I could be late to this party. My apologies if you realized this well before I did.

Problems vs. Exercises

My high school mathematics teacher, Mr. Davis, classified all learning tasks in our classroom into two categories: problems and exercises. The distinction between the two is pretty simple. Problems set up a non-routine mathematical conflict. Once that conflict is resolved once, problems cease to be problems – they become exercises. Exercises tend to develop content skills or application of knowledge – problems serve to develop one’s habits of mathematical practice and understanding.
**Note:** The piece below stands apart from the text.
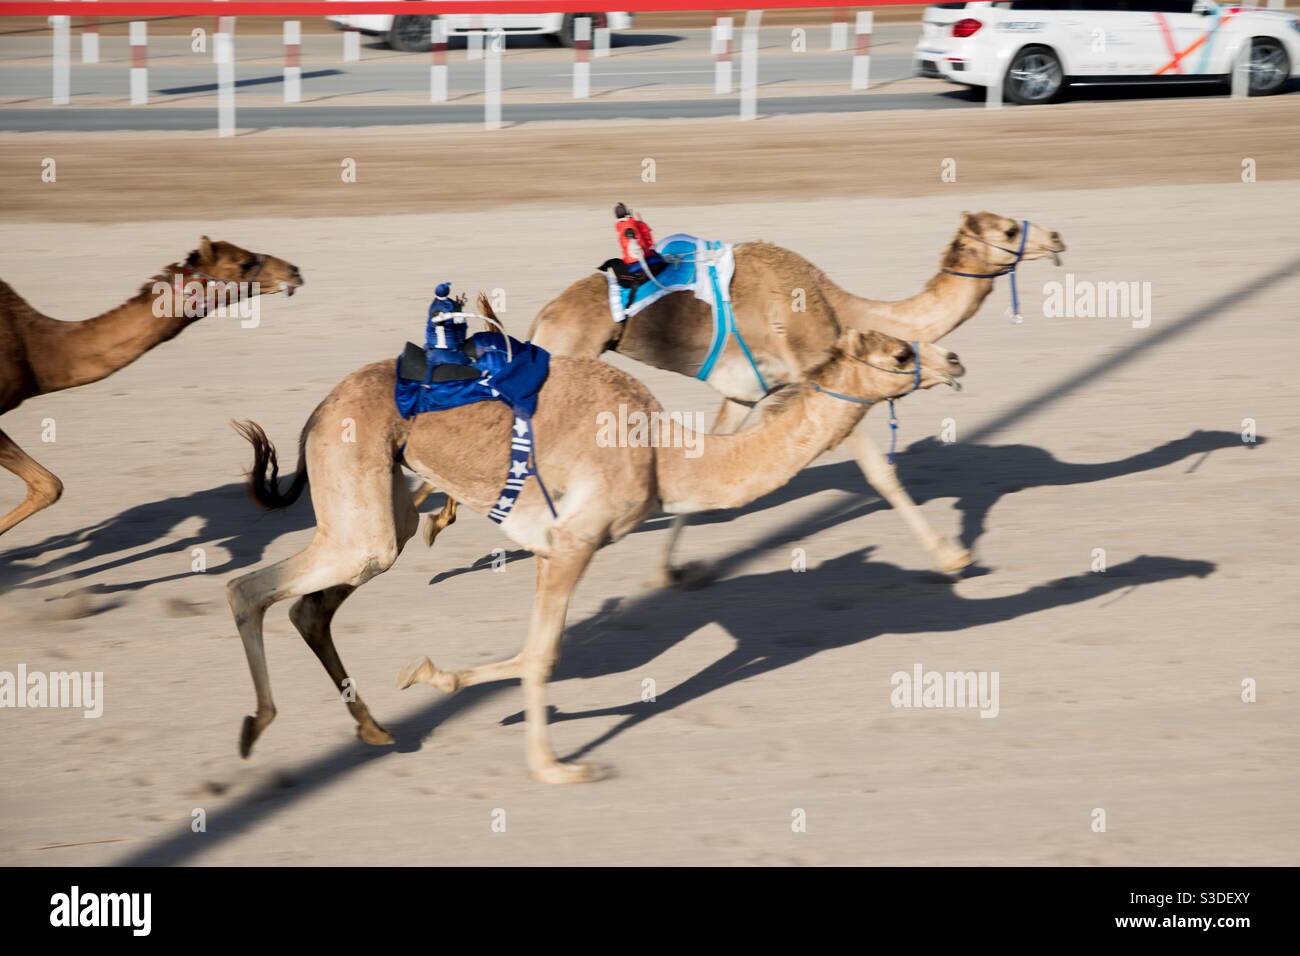 Al Bashair Camel Race: February 2021 Adam, Oman. The race brings about the best of regional camels from Saudi Arabia, Qatar,UAE, and Oman. various age groups of camels compete in this 6day event. Stock Photo

I tend to give a mixture of the two types to my students. The immediate question in an assessment context is whether my students have a particular skill or can apply concepts. Sometimes this can be established by doing several problems of the same or similar type. This is usually the situation when students sign up for a reassessment on a learning standard. In cases where I believe my students have overfit their understanding to a particular question type, I might throw them a problem – a new task that requires higher levels of understanding. I might also give them a task that I know is similar to a question they had wrong last time, with a twist. What I have found over time is that there needs to be a difference between what I give them on a subsequent assessment, or I won’t get a good reading on their mastery level.

The difficulty I’ve established over the past few years learning to use SBG has been curating my own set of problems and exercises for assessment. I have textbooks, both electronic and hard copy, and I’ve noted down the locations of good problems in analog and digital forms. I’ve always felt the need to guard these and not share them with students so that they don’t become exercises. My sense is that good problems are hard to find. Good exercises, on the other hand, are all over the place. This also means that if I’ve given Student A a particular problem, that I have to find an entirely different one for Student B in case the two pool their resources. In other words, Student A’s problem then becomes Student B’s exercise. I haven’t found that students end up thinking that way, but I still feel weird about using the same problem multiple times.

What I’ve always wanted was a source of problems that somehow straddled the two categories. I want to be able to give Student A a specific problem that I carefully designed for assessing a particular standard, and student B a different manifestation of that same problem. This might mean different numbers, or a slight variation that still assesses the same thing. I don’t want to have to reinvent the problem every single time – there must be a way to avoid repeating that effort. By carefully designing a problem once, and letting, say, a computer make randomized changes to different instances of that problem, I’ve created a task I can use with different students. Even if I’m in the market for exercises, it would be nice to be able to create those quickly and efficiently too. Being able to share that initial effort with other teachers who also share a need would be a bonus.

I think I’ve made an initial stab at creating something to fit that need.

Exploring Functions (and Non-Functions) Interactively

Heeding Dan’s encouragement to step things up in his NCTM talk, I revisited an introduction to functions activity that I put together three years ago. The idea is to get students to make observations about inputs and outputs and use the ‘notice and wonder’ parlance from the Math Forum to prompt conversations about these ideas.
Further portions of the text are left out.